だが、荷物を届けるついでに、竜の妻になろうなんて考えた奇特な女性の顔でも観察してくるのも面白そうだと思い始めていた。

執着が強く奪う者に容赦ない。それはつまり、竜の懐に入れられた存在にとっても苦難なこととなる。罷り間違って、竜を裏切るようなことをしてしまえば、どんな事が起こるのか。ムウロが知る限りでも、色々なパターンがある。共通している事は、どんな事になっても地獄だということだ。

それを知っているのか、知らないのか。

今から、楽しみで仕方がない。


「それで、届け先は何処なんです?」


「帝国よ。

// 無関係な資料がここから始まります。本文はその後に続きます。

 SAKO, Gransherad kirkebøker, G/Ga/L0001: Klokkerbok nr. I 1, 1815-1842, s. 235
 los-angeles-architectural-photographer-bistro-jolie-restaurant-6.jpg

その都。そこで、人間として生活しているんですって。」


帝都。それならば、嫁となったのは獣人という可能性も高い。

何度か赴いたことがある為、帝都にどんな人が、どんな生活を営んでいるかも知っているムウロは、年下の知り合い以上友人未満が選んだ相手への想像を膨らませながら、ユーリアの居城を後にした。





「ロゼと…娘さんとお付き合いさせて頂いている、クインと申します。」

シエルとシリウスの後に続き、ヘクスの居る居間へと入ったクインは、その粗野な容貌からは想像もつかない丁寧な動作で頭を下げ、唐突に挨拶を始めていた。

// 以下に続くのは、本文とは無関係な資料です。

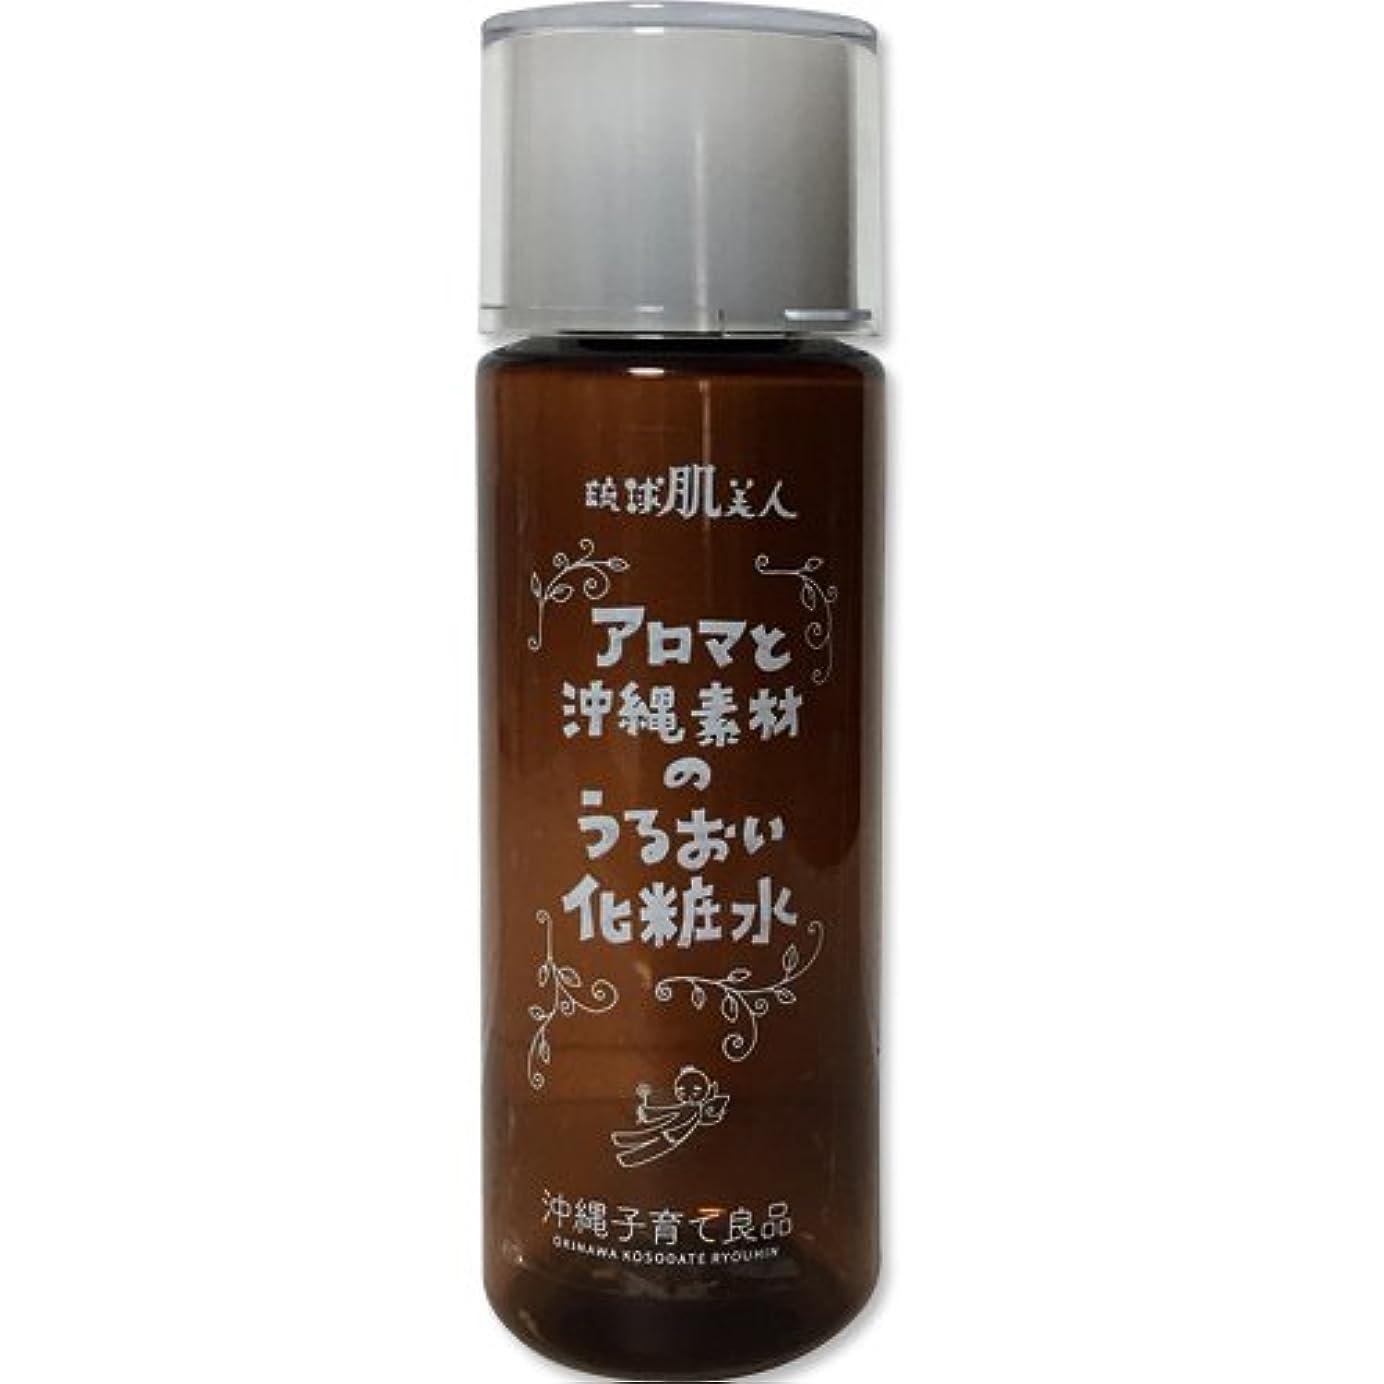 リスナー感心する資源保湿 化粧水 無添加 アルコールフリー アロマと沖縄素材のうるおい化粧水 120ml

それを、ヘクスは椅子に腰掛けて、お茶を口に運び飲んでいる時に受けた。

「まぁ…。…あの子をよろしくお願いします。」

驚きの声を上げながらも、あっさりと挨拶を受け入れ、詳しい話など一切受けないまま、ヘクスは娘の恋人を受け入れ、頭を下げ返していた。

「お母さん…もっと、色々と聞くことないの?」

あまりにもあっさりと終わらせたヘクスに、シエルが口を挟む。

「色々と?」

「ほら、出会いとか、どんなお仕事してるの、とか。」

ねぇ、とシエルが思わず聞いたのは、重苦しい空気を生み出しているシリウスではなく、聞かれる立場のクインだった。

既婚の部下達から教授されていた状況とはかけ離れた事態に、クインは「まぁな」と情けない声を出してしまっていた。